=== Source information ===
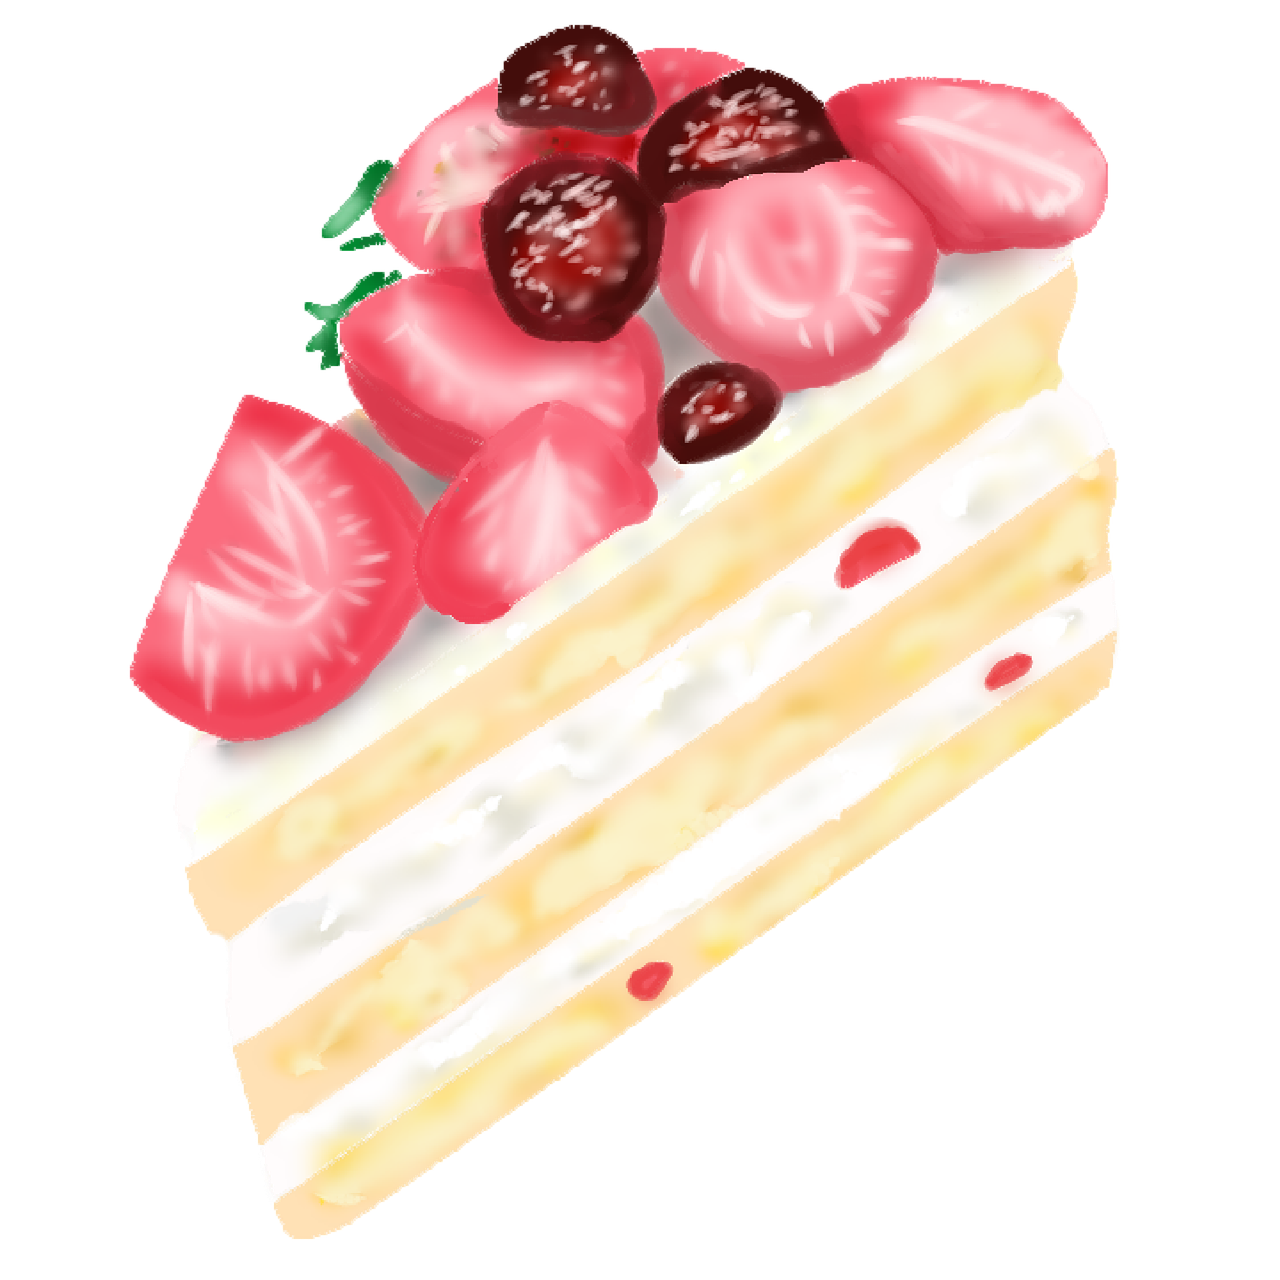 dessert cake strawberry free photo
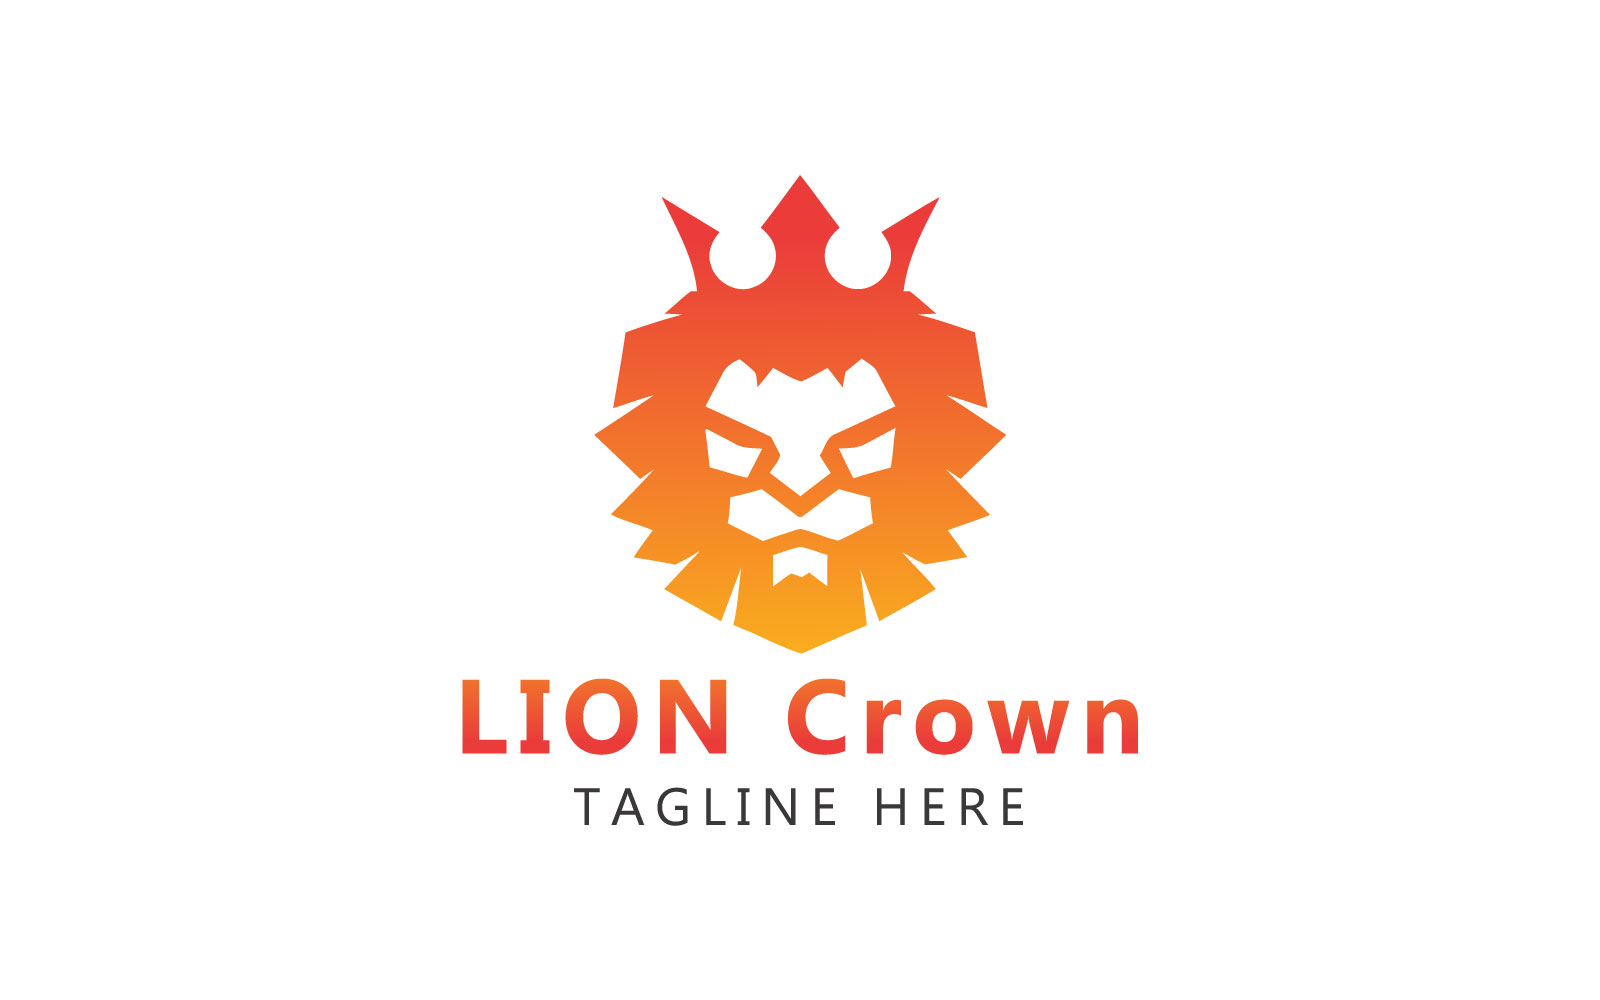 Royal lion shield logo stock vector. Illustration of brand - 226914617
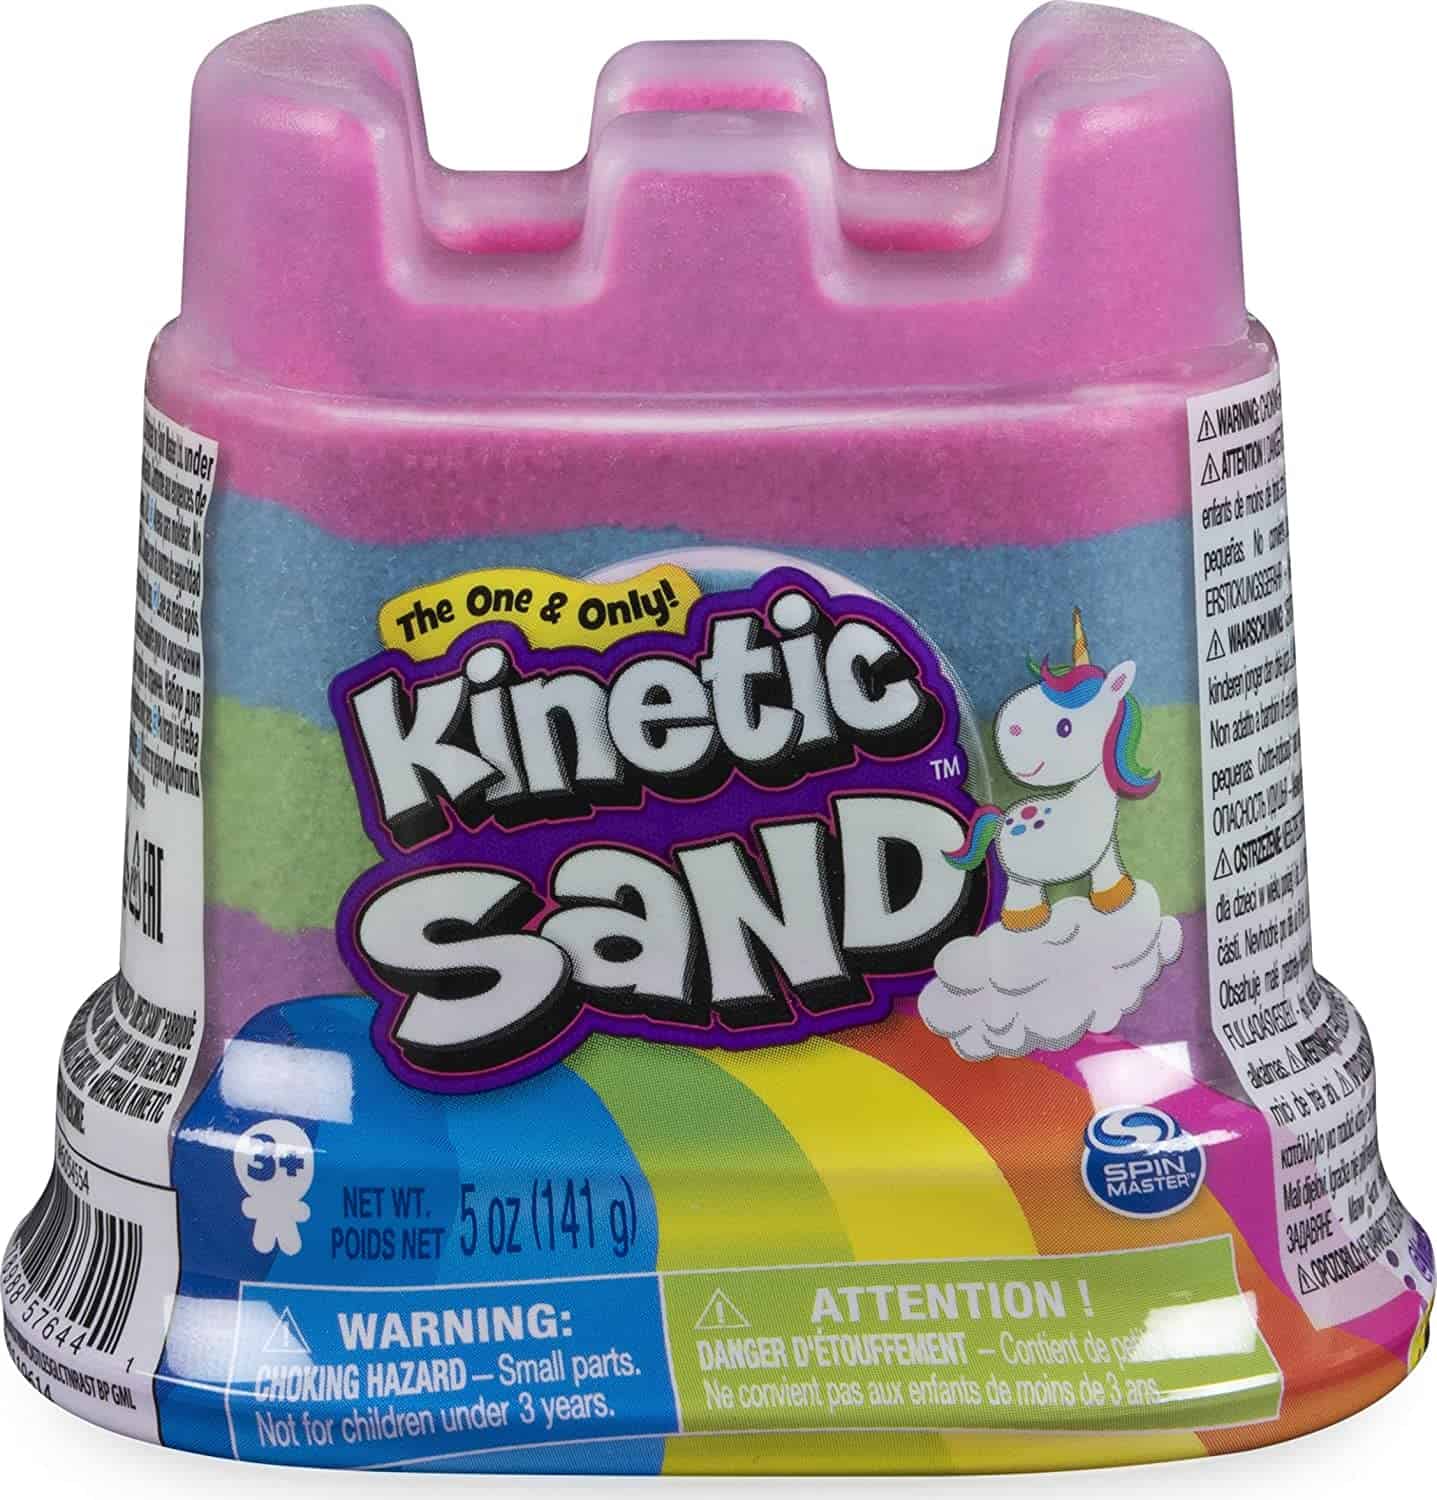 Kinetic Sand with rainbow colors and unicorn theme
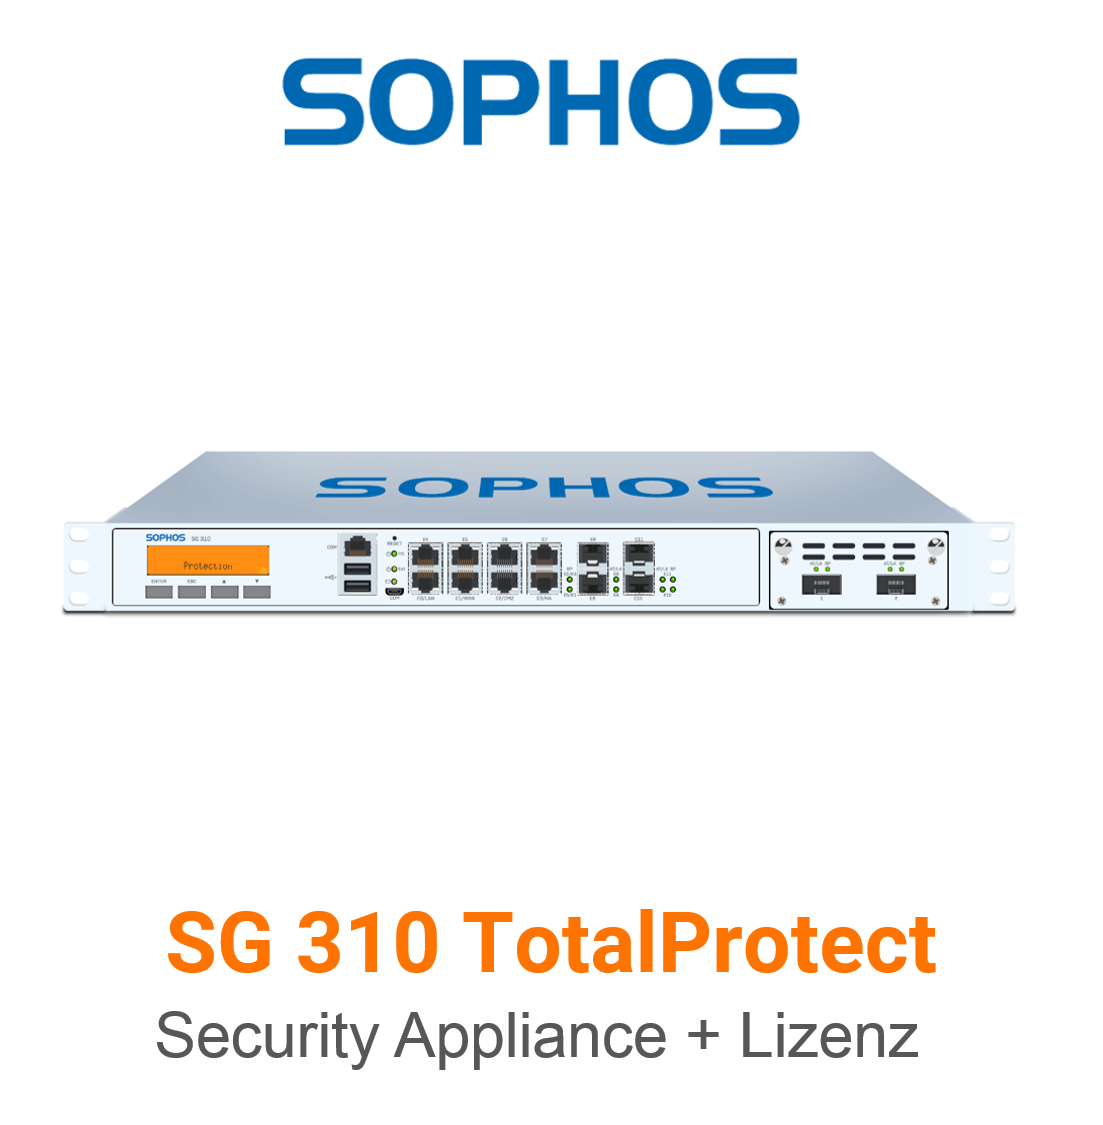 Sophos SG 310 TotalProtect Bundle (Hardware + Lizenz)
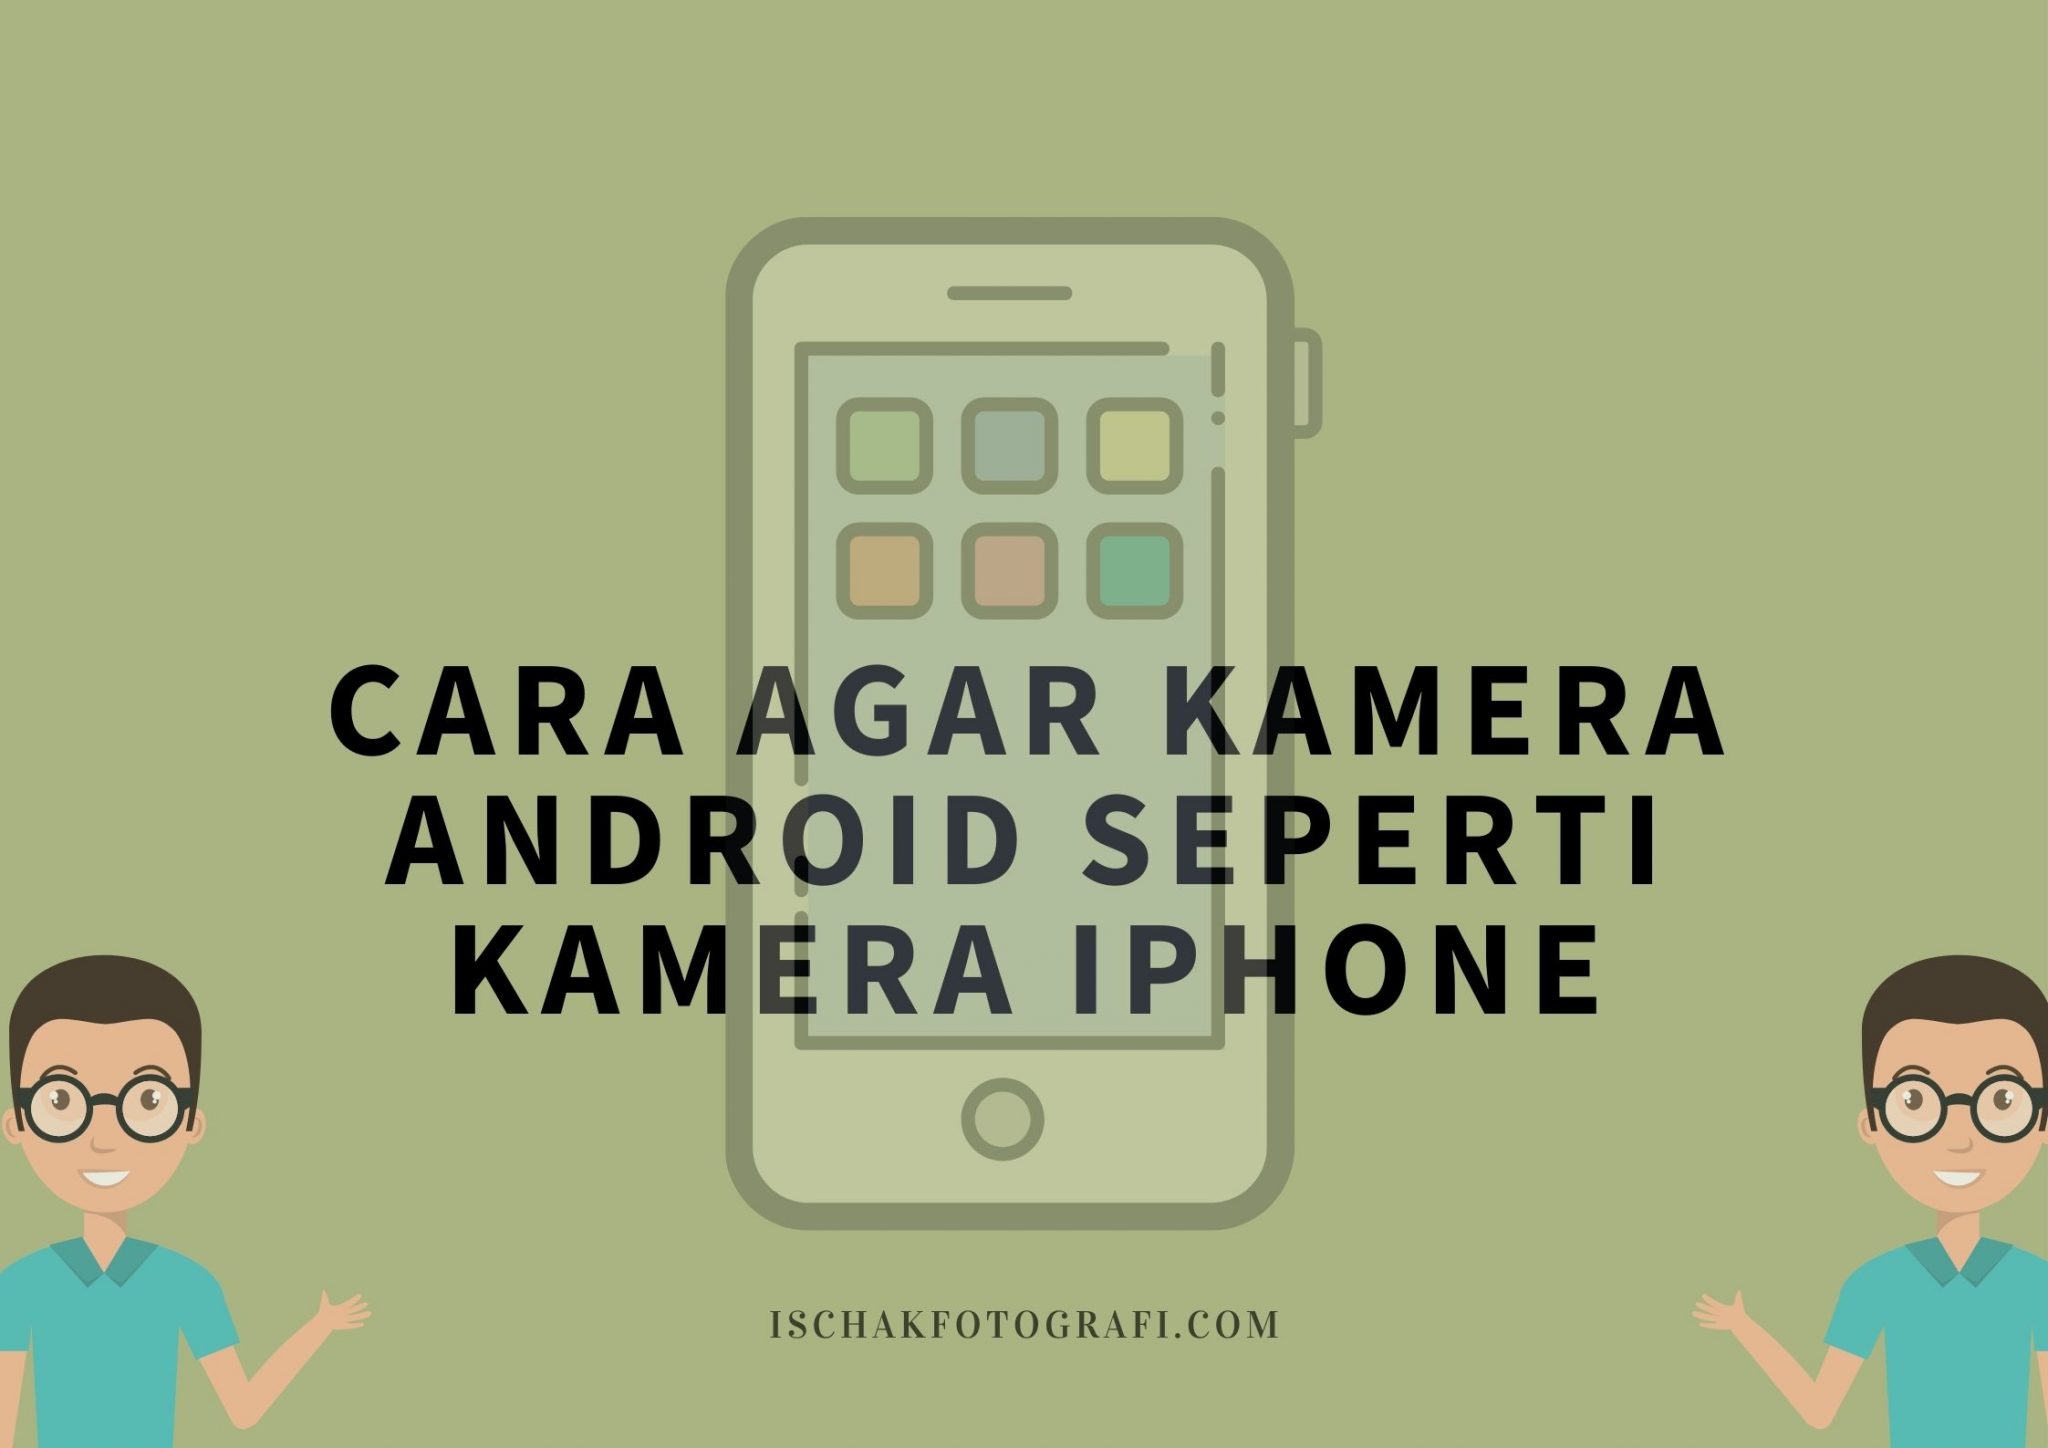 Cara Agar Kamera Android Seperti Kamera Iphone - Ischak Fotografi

=== Problem requirements ===
Omit all pictures, and repeat exactly the lines from the line containing "Sophos SG 310" through the end of the data.

=== Answer box ===
 Sophos SG 310 TotalProtect Bundle (Hardware + Lizenz)
 Cara Agar Kamera Android Seperti Kamera Iphone - Ischak Fotografi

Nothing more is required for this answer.